12 miljoen extra voor re-integratie (ex-)gevangenen

Het kabinet gaat extra investeren om (ex-)gedetineerden te helpen bij een goede terugkeer buiten de gevangenismuren na hun straf. Vanaf dit jaar wordt hiervoor een extra bedrag oplopend tot (in totaal) 12 miljoen euro uitgetrokken. Dat heeft minister Franc Weerwind voor Rechtsbescherming aan de Tweede Kamer laten weten.

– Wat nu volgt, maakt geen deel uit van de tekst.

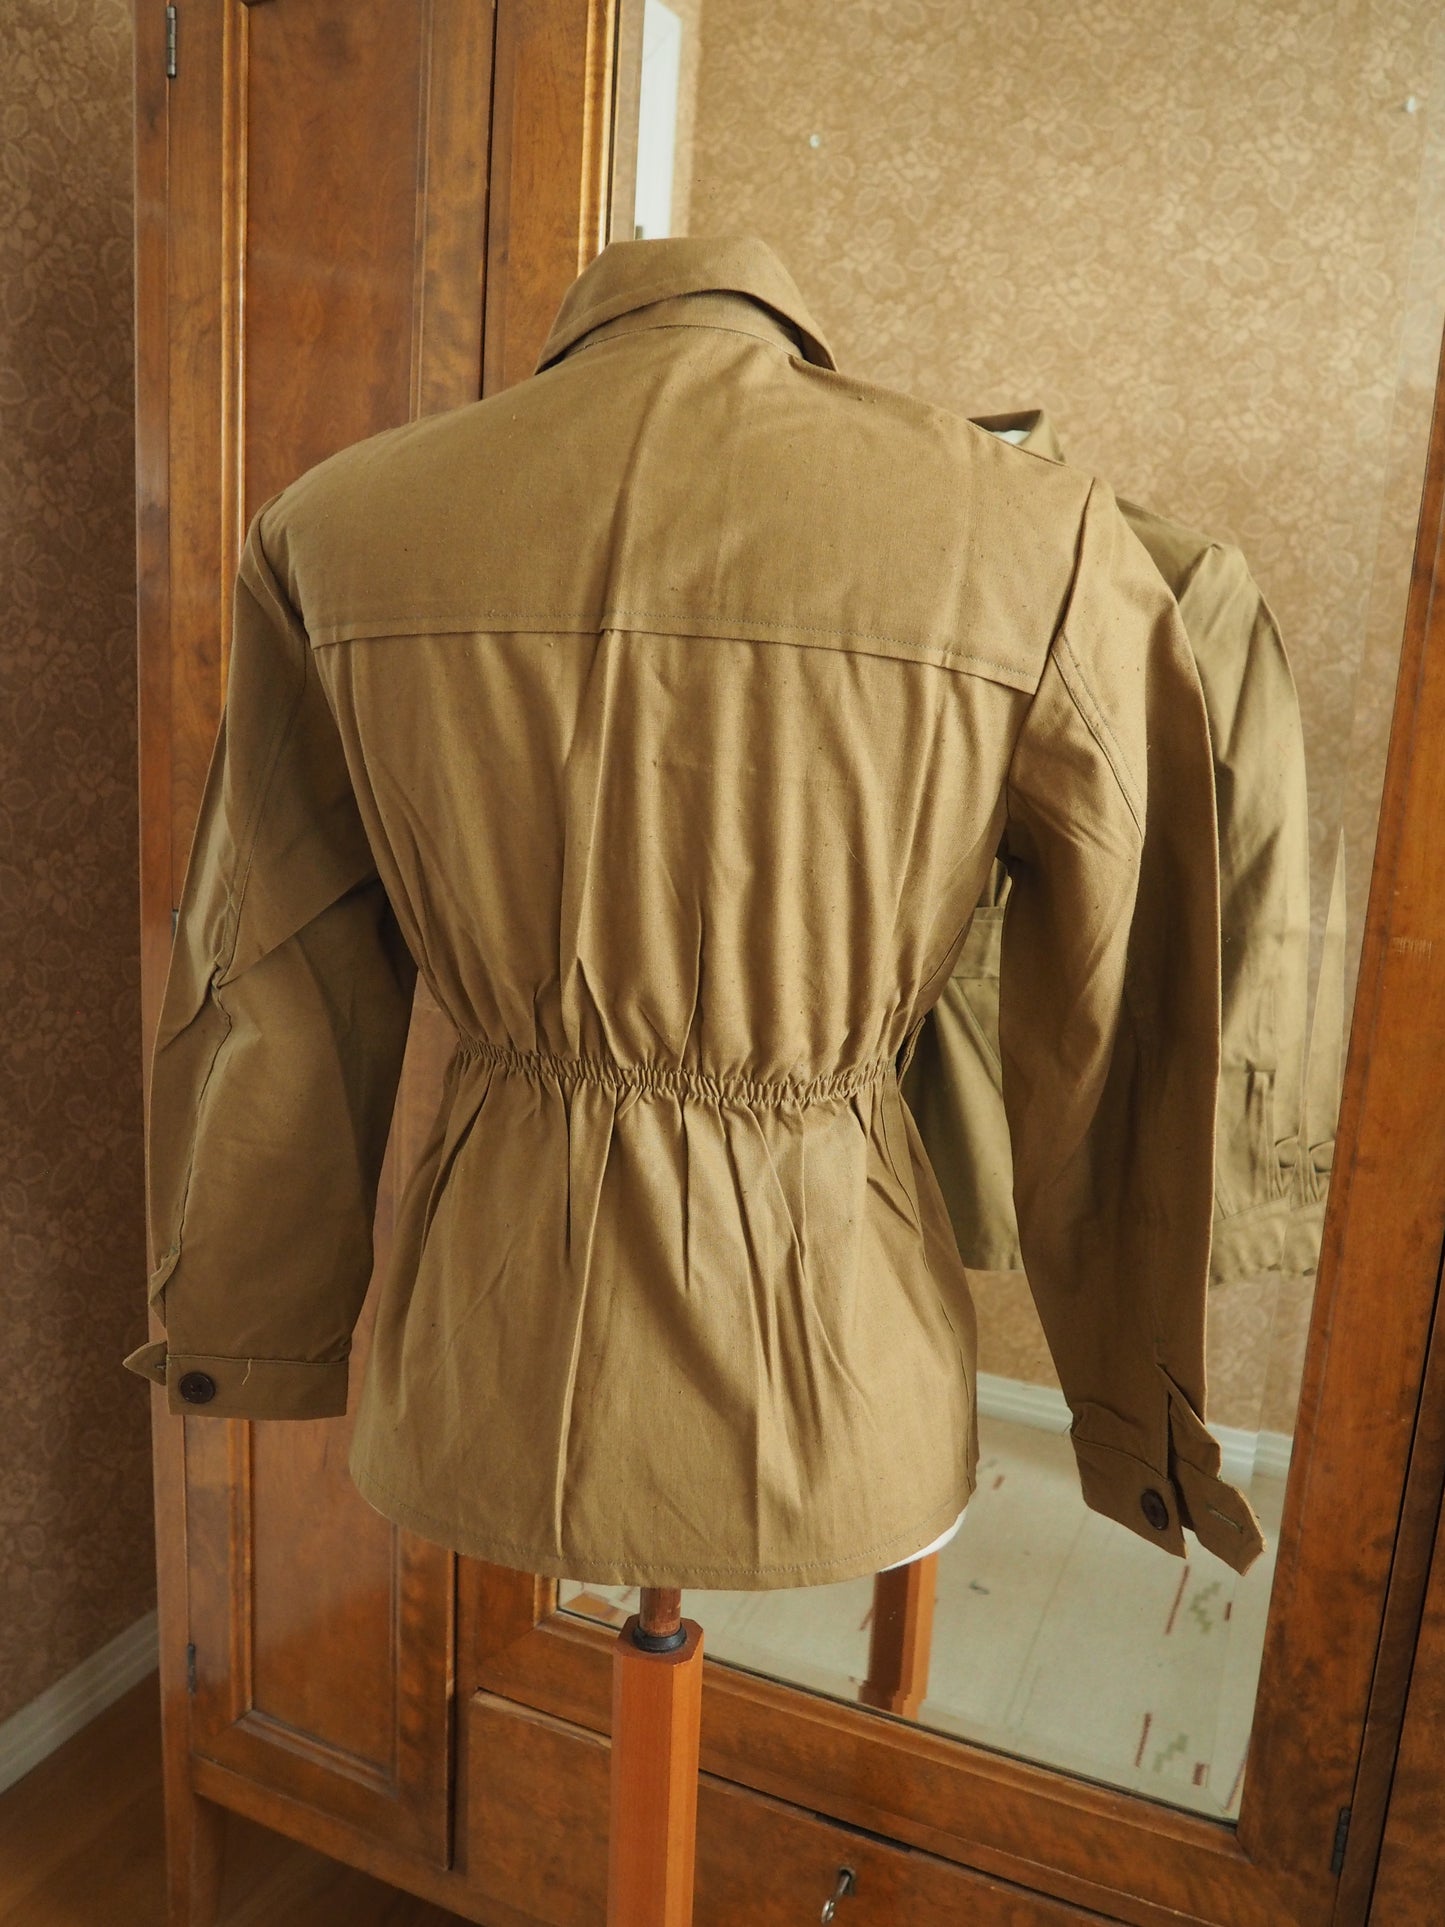 Vaaleanruskea takki, käyttämätöntä vanhaa varastoa

Voor om- en bijscholing van gevangenen wordt 5 miljoen euro uitgetrokken. Hiermee wordt de samenwerking tussen de Dienst Justitiële Inrichtingen en arbeidsbedrijven extra vergroot en het aanbod van onderwijs aan gevangenen verbeterd. Daarnaast wordt 5 miljoen euro besteed aan de samenwerking tussen verschillende partijen. Dit geld kan bijvoorbeeld worden ingezet om de kennisuitwisseling tussen medewerkers van de gevangenissen, de reclassering, gemeenten en zorg & veiligheidshuizen te verbeteren. Ook wordt er 2 miljoen euro extra uitgetrokken voor gemeenten in hun begeleiding van gevangenen naar werk of een woning. Gemeenten kunnen hiermee ook hulp geven op de andere basisvoorwaarden, zoals het regelen van een identiteitsbewijs, een zorg(verzekering), schuldhulp en te werken aan een goed sociaal netwerk.

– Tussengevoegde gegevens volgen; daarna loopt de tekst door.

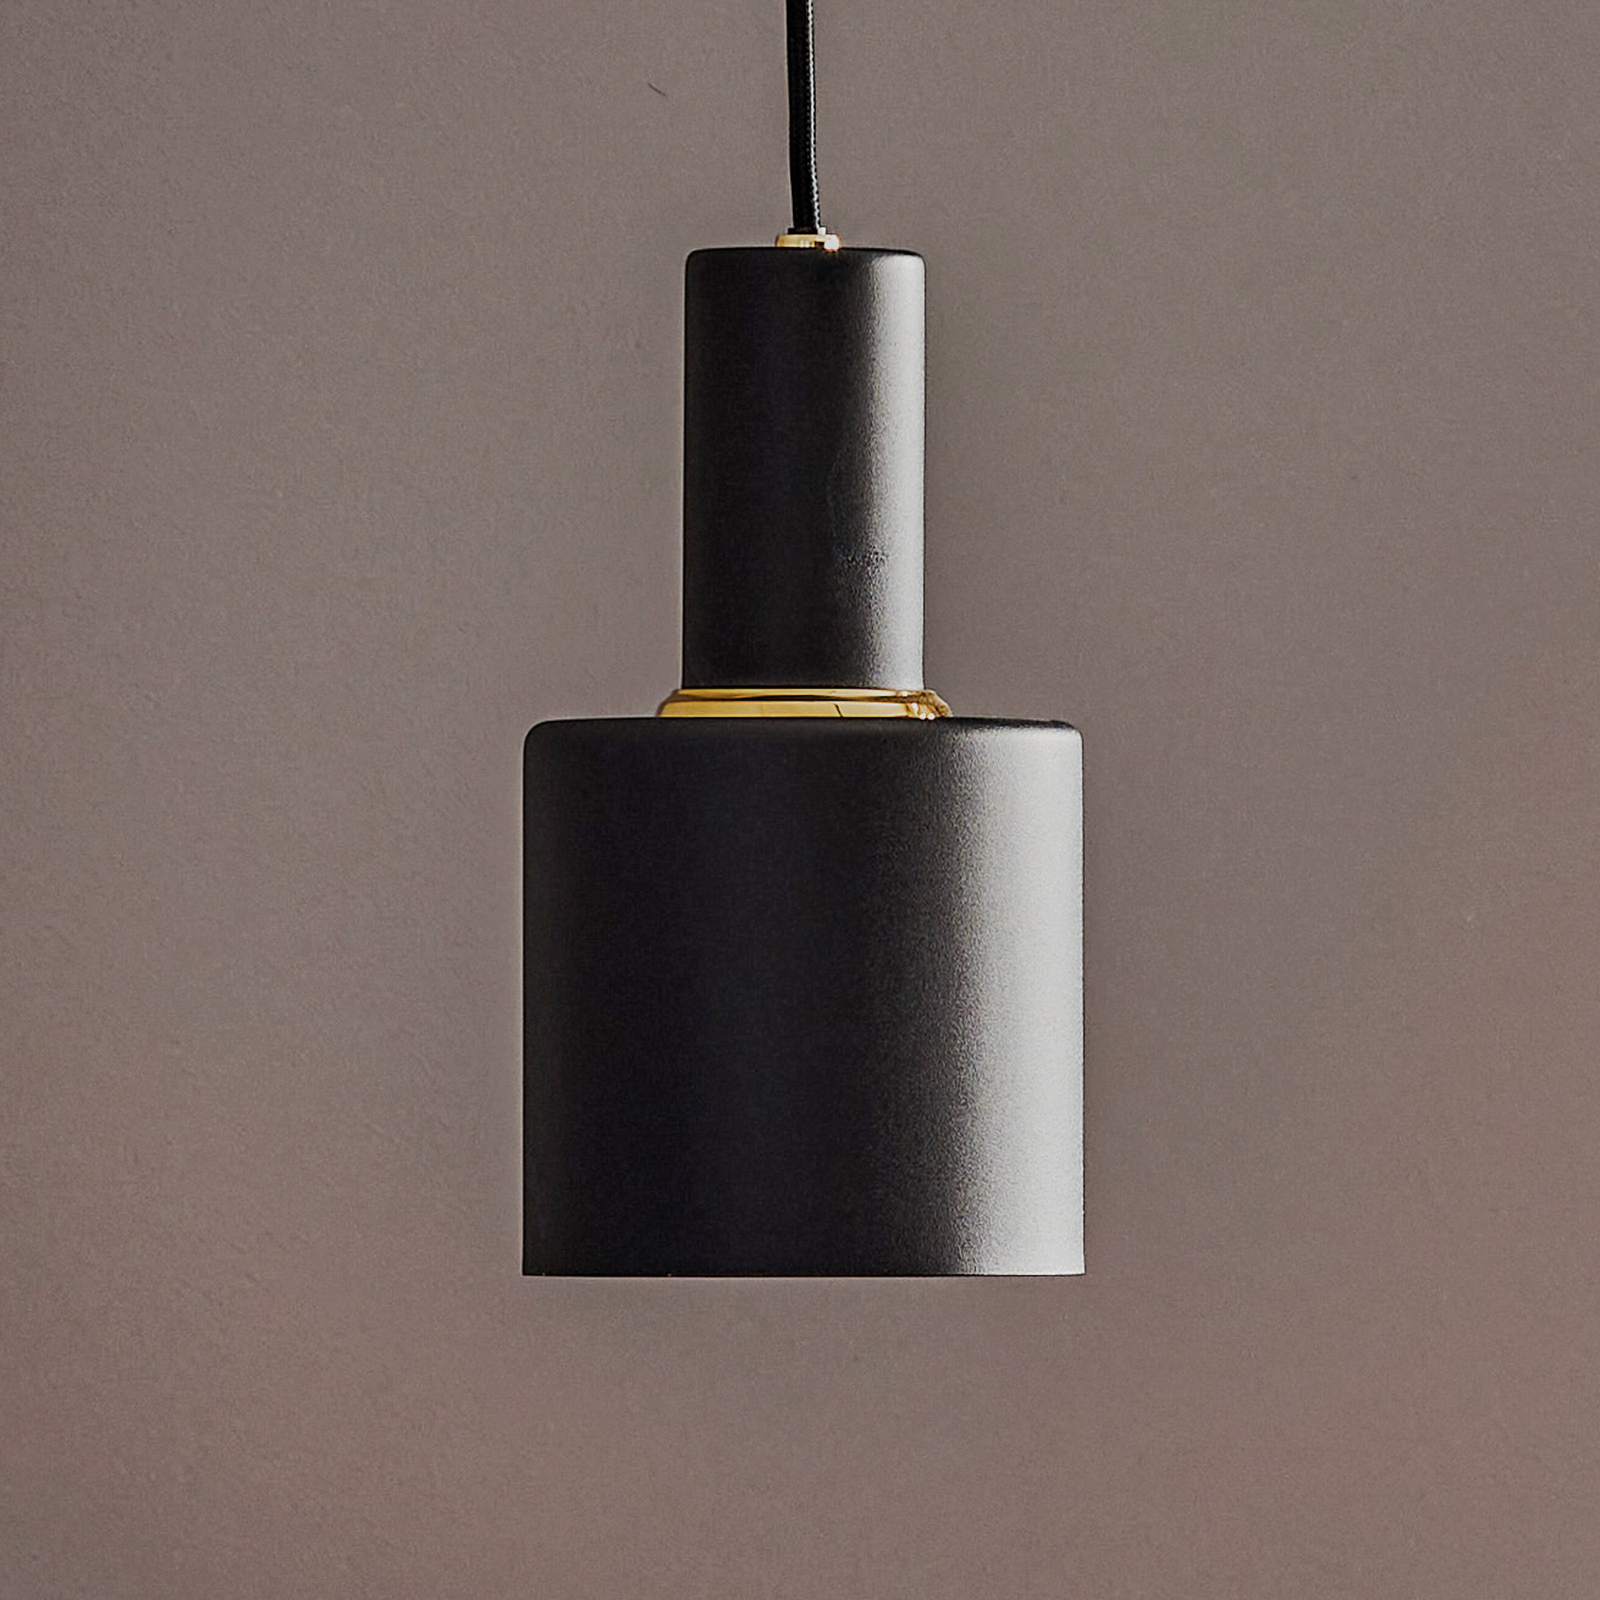 Selma hængelampe, 1 lyskilde, sort, Ø 12 cm

‘Na een misstap verdient iedereen een tweede kans. De extra investeringen gaat gedetineerden helpen op een goede manier terug te laten keren buiten de muren van een gevangenis. Zo voorkomen we dat ze minder vaak terugvallen in de criminaliteit en bieden we ze perspectief om hun leven weer op een goede en eerlijke manier in te richten’,

stelt minister Weerwind.  

ID-bewijs

Per 1 september kunnen gedetineerden vanuit de gevangenis een Nederlandse identiteitskaart aanvragen, ook al staan ze ingeschreven in een andere gemeente. Gemeenten waarin een gevangenis is gevestigd krijgen hiertoe de bevoegdheid. Voor een succesvolle re-integratie is het belangrijk dat gedetineerden al tijdens het uitzitten van hun gevangenisstraf beschikken over een identiteitsbewijs.. Zonder ID is het bijvoorbeeld niet mogelijk om werk of onderdak te vinden. Deze nieuwe werkwijze voorkomt dat gedetineerden zonder geldig ID-bewijs de gevangenis verlaten. Dit is tot stand gekomen in nauwe samenwerking met het ministerie van Binnenlandse Zaken en Koninkrijksrelaties.